REQUIRED ACTION: Pictures are to be dropped, and only the lines from the one containing "Louis Vuitton LV" through the end of the data below are to be reproduced as written.

RAW DATA:
_ _ _ _ _ _ _

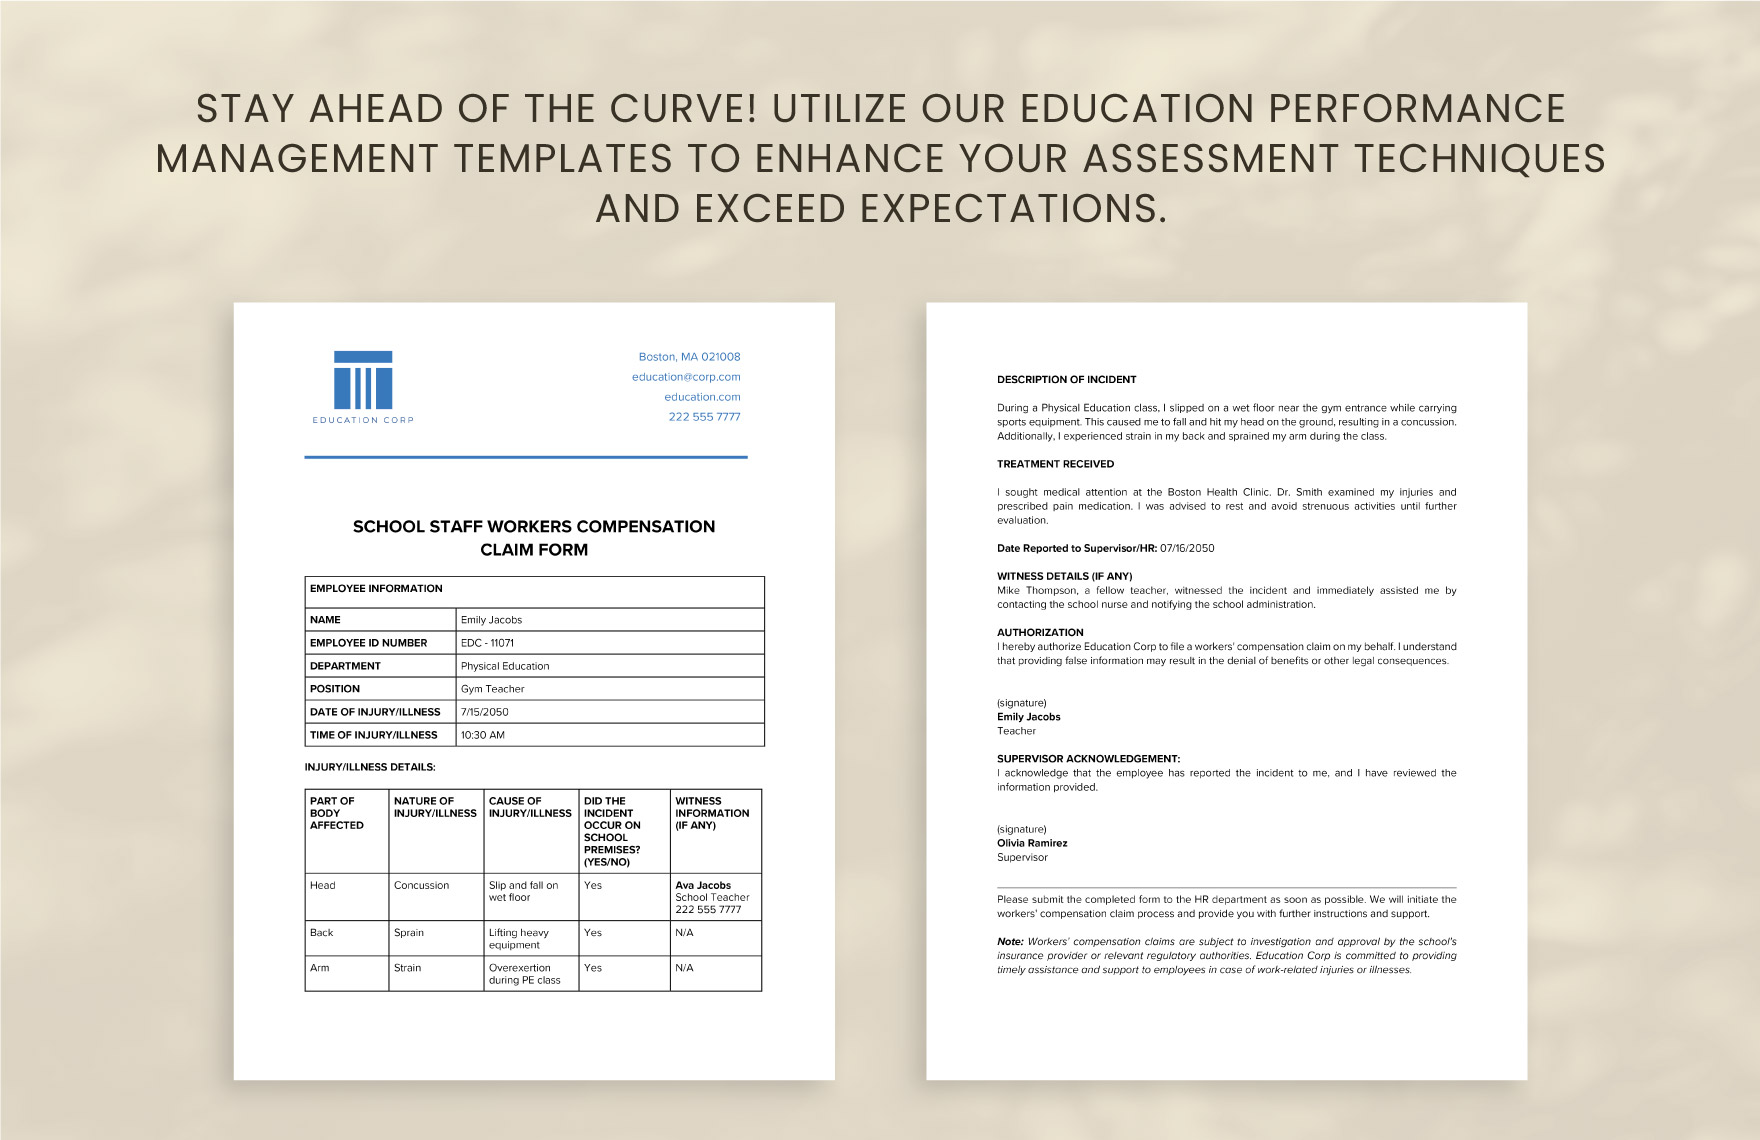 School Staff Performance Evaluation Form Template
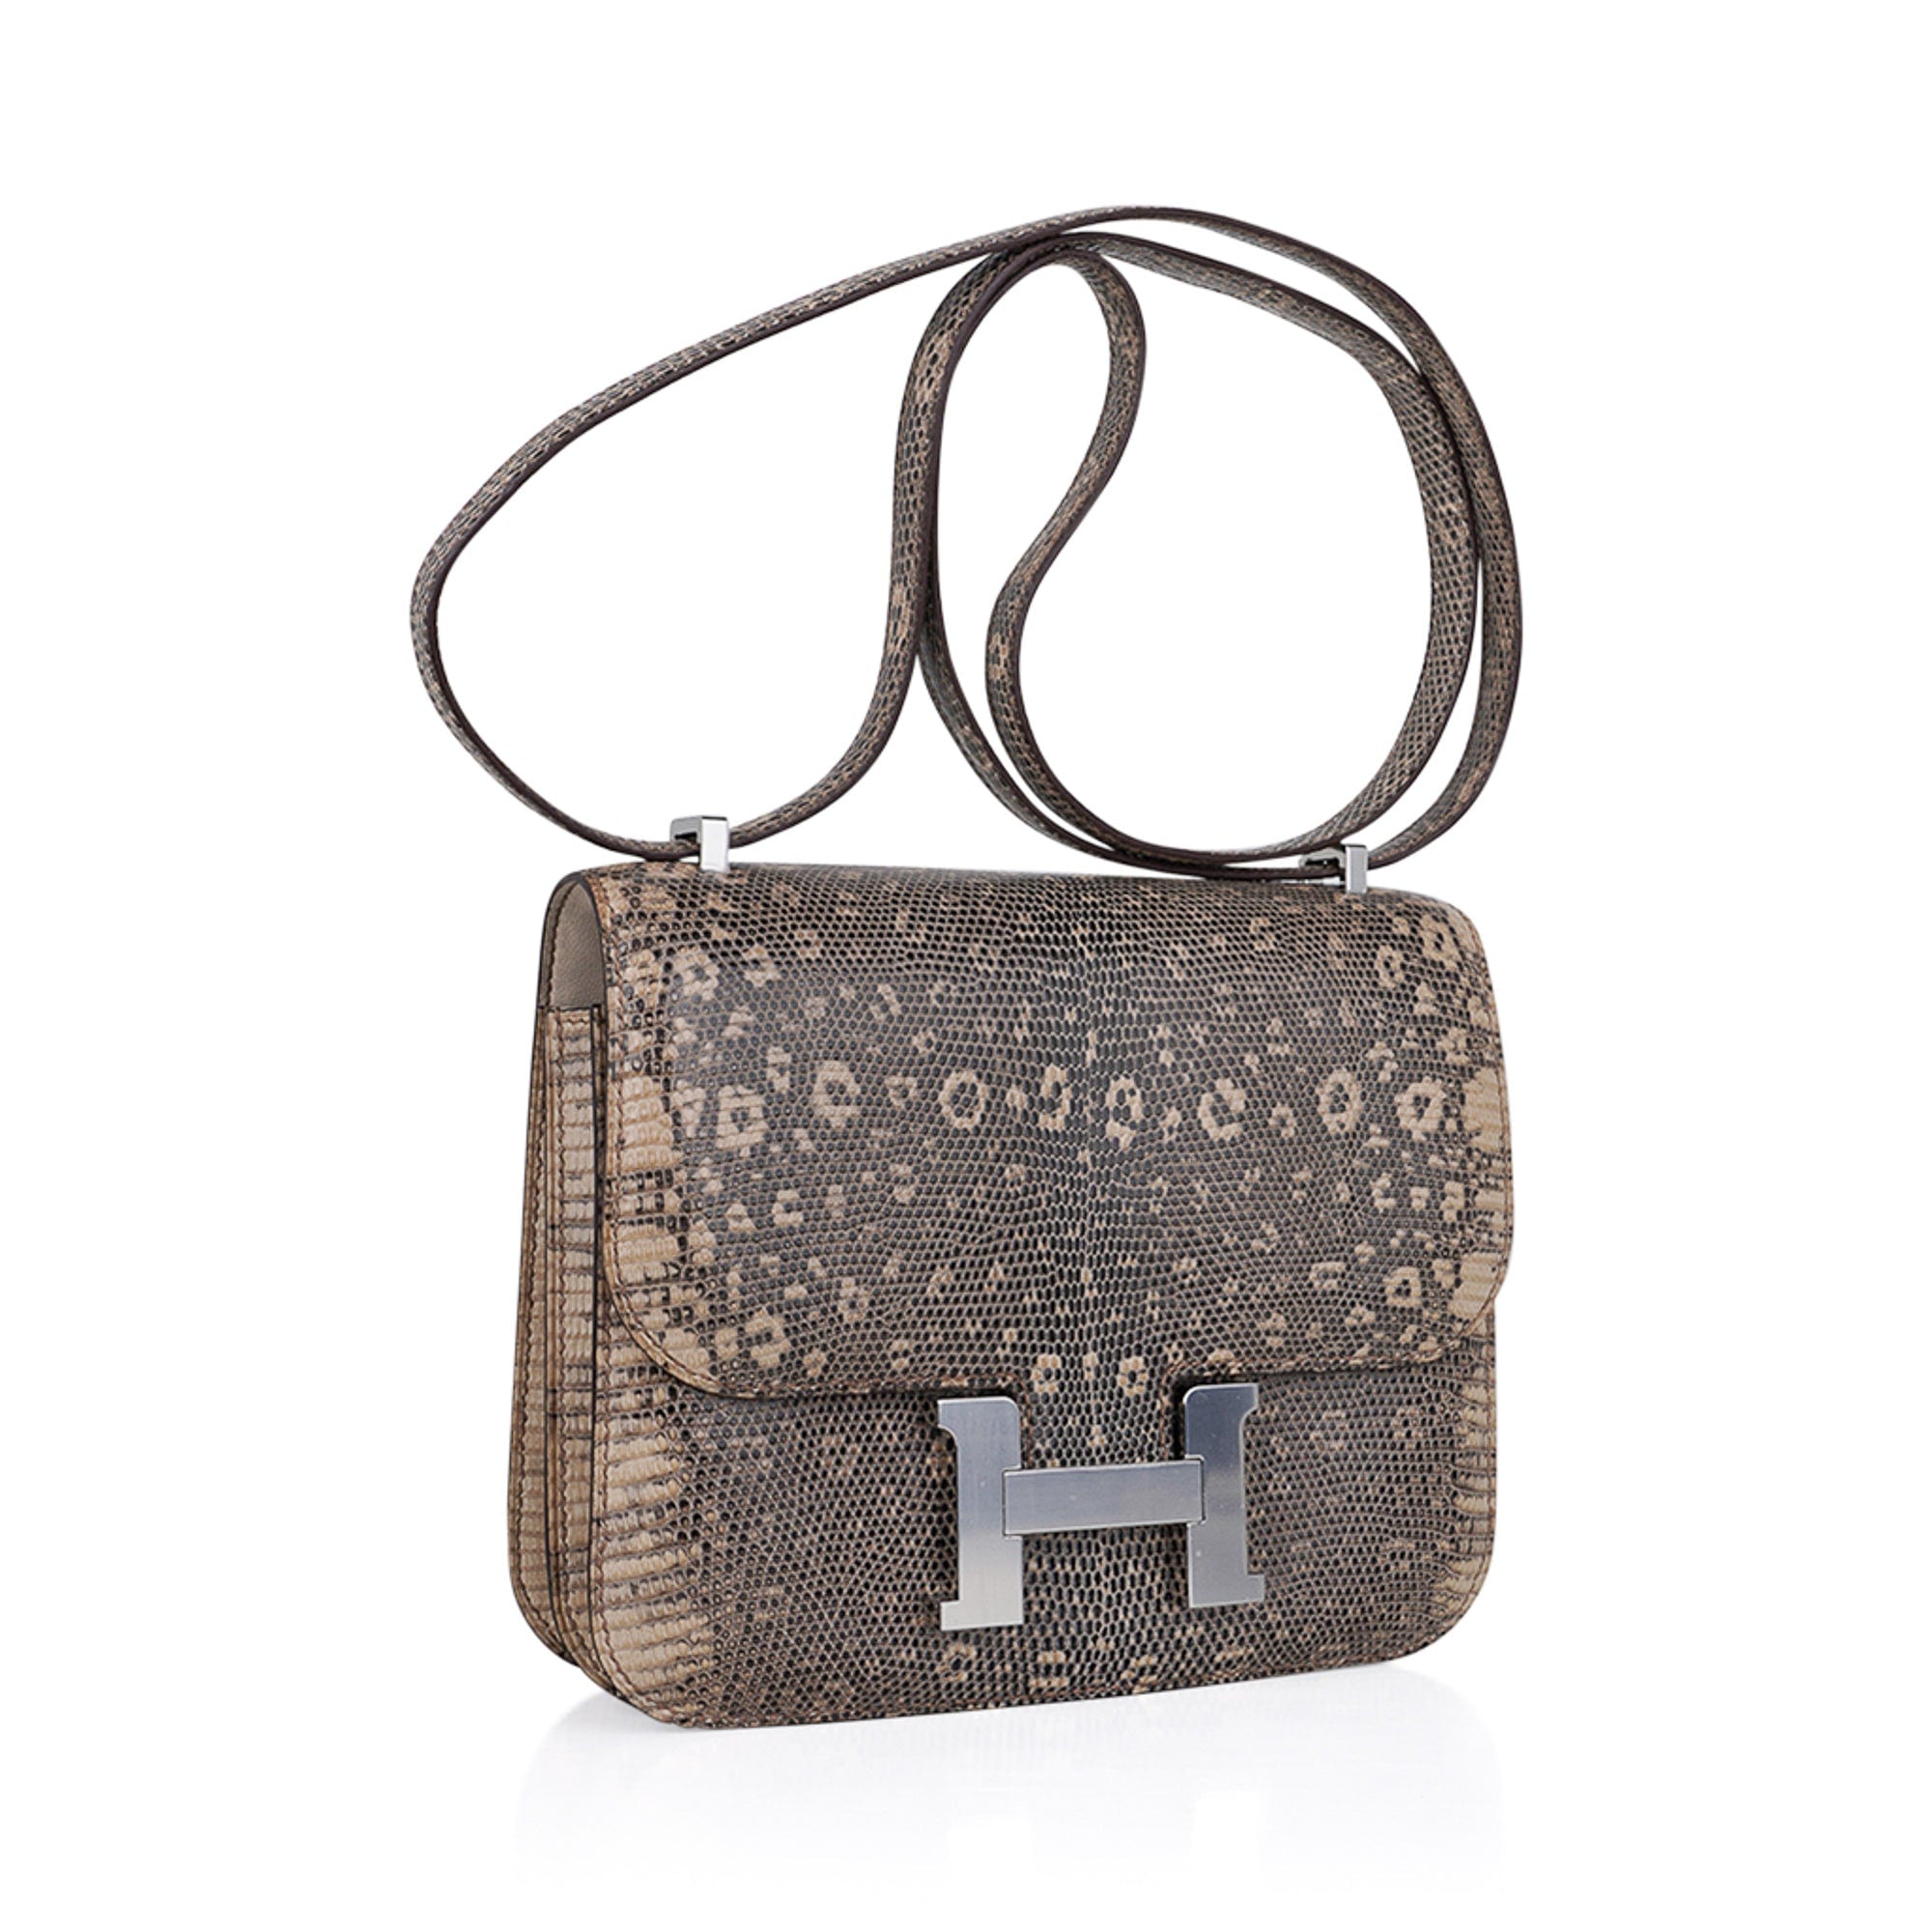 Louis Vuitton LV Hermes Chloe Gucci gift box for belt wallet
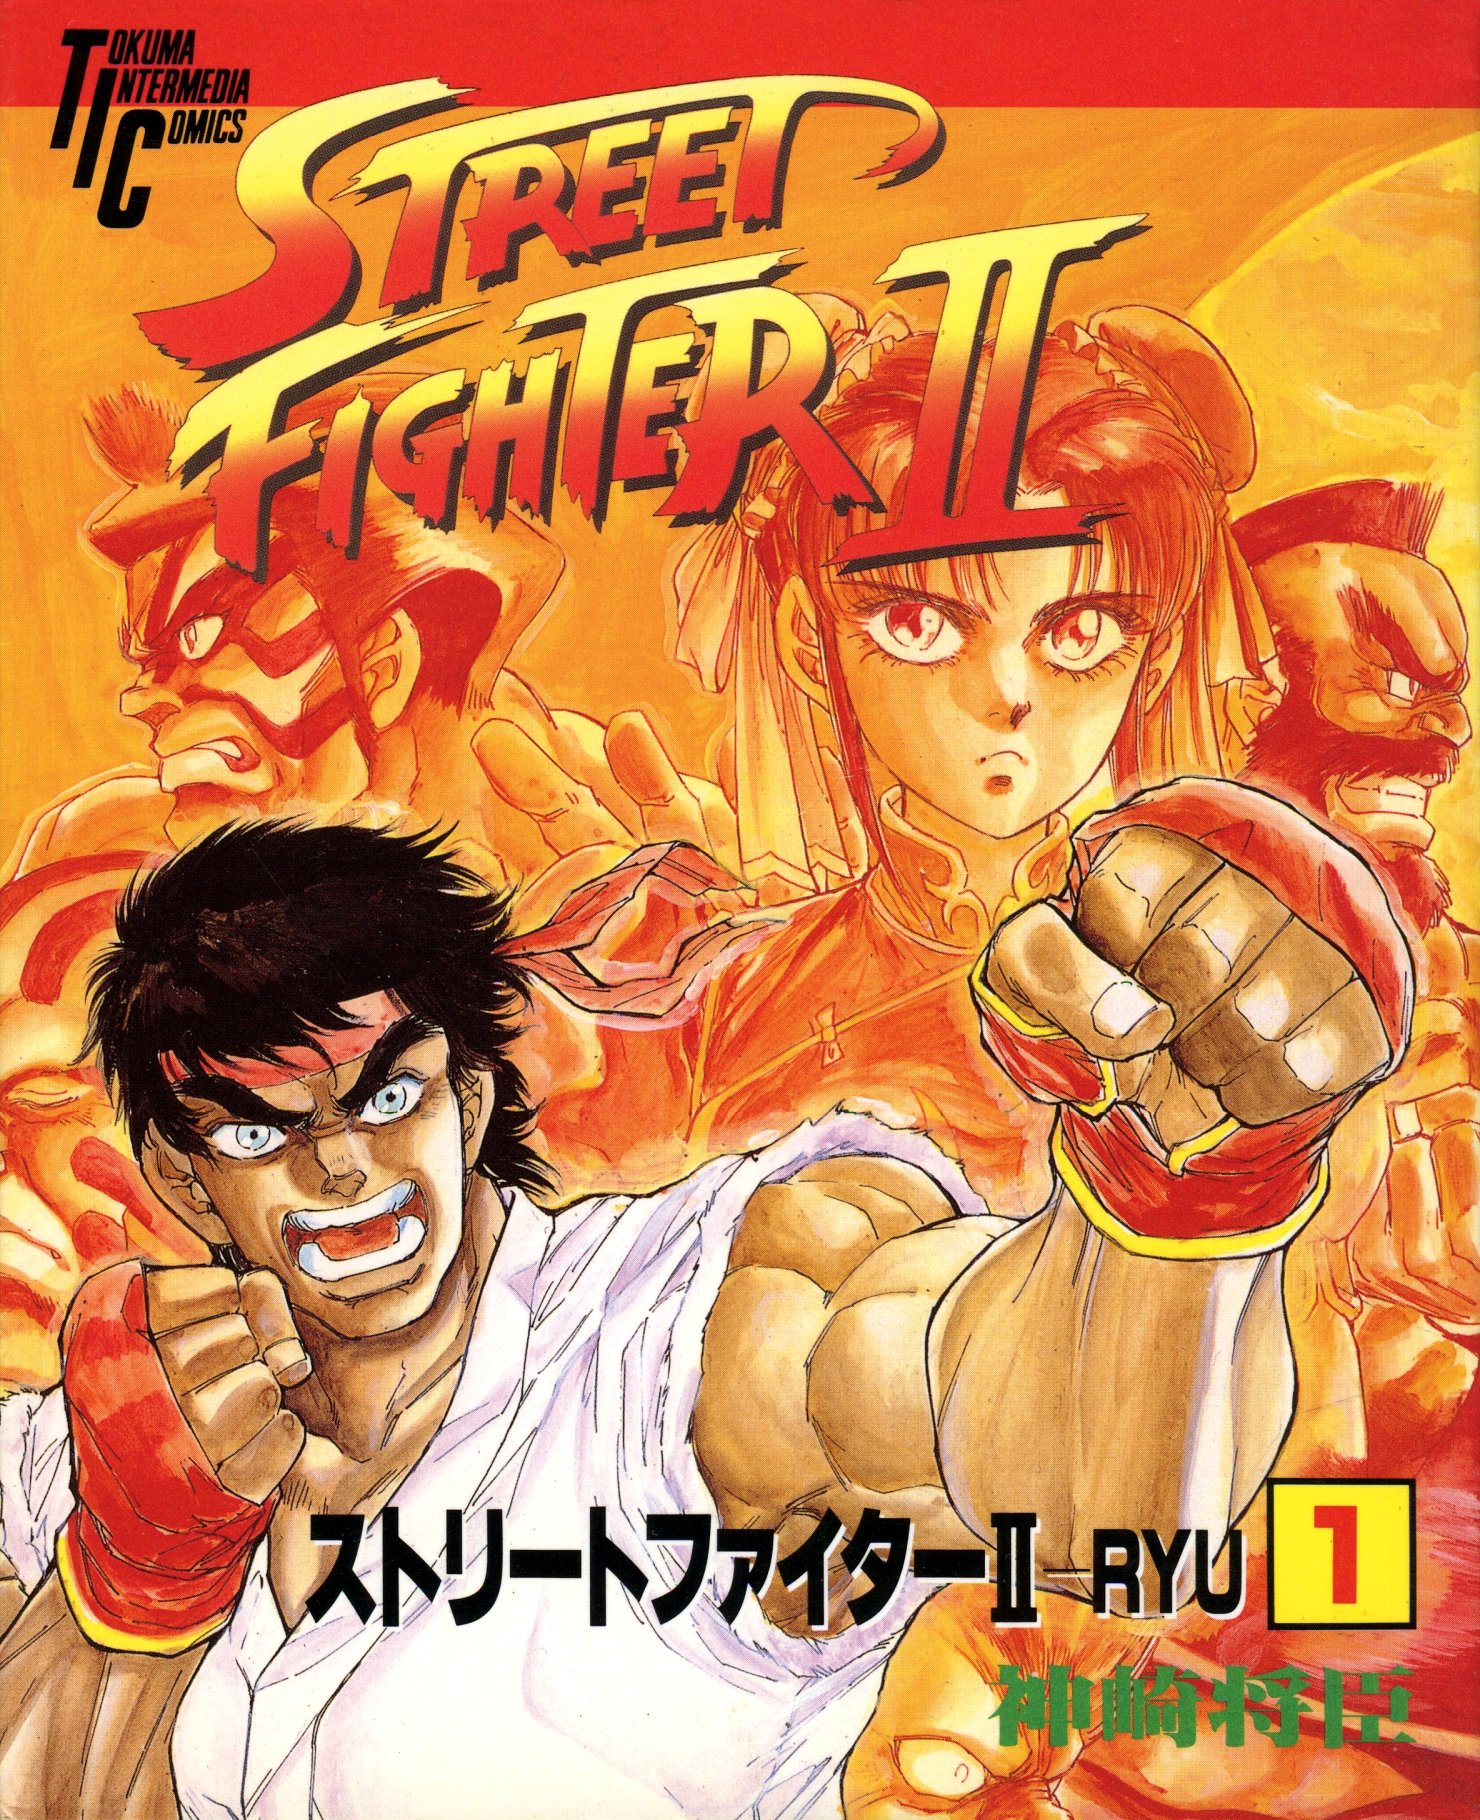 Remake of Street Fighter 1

_ _ _ _ _ _ _

ANSWER SPACE:
 Louis Vuitton LV Hermes Chloe Gucci gift box for belt wallet
 Remake of Street Fighter 1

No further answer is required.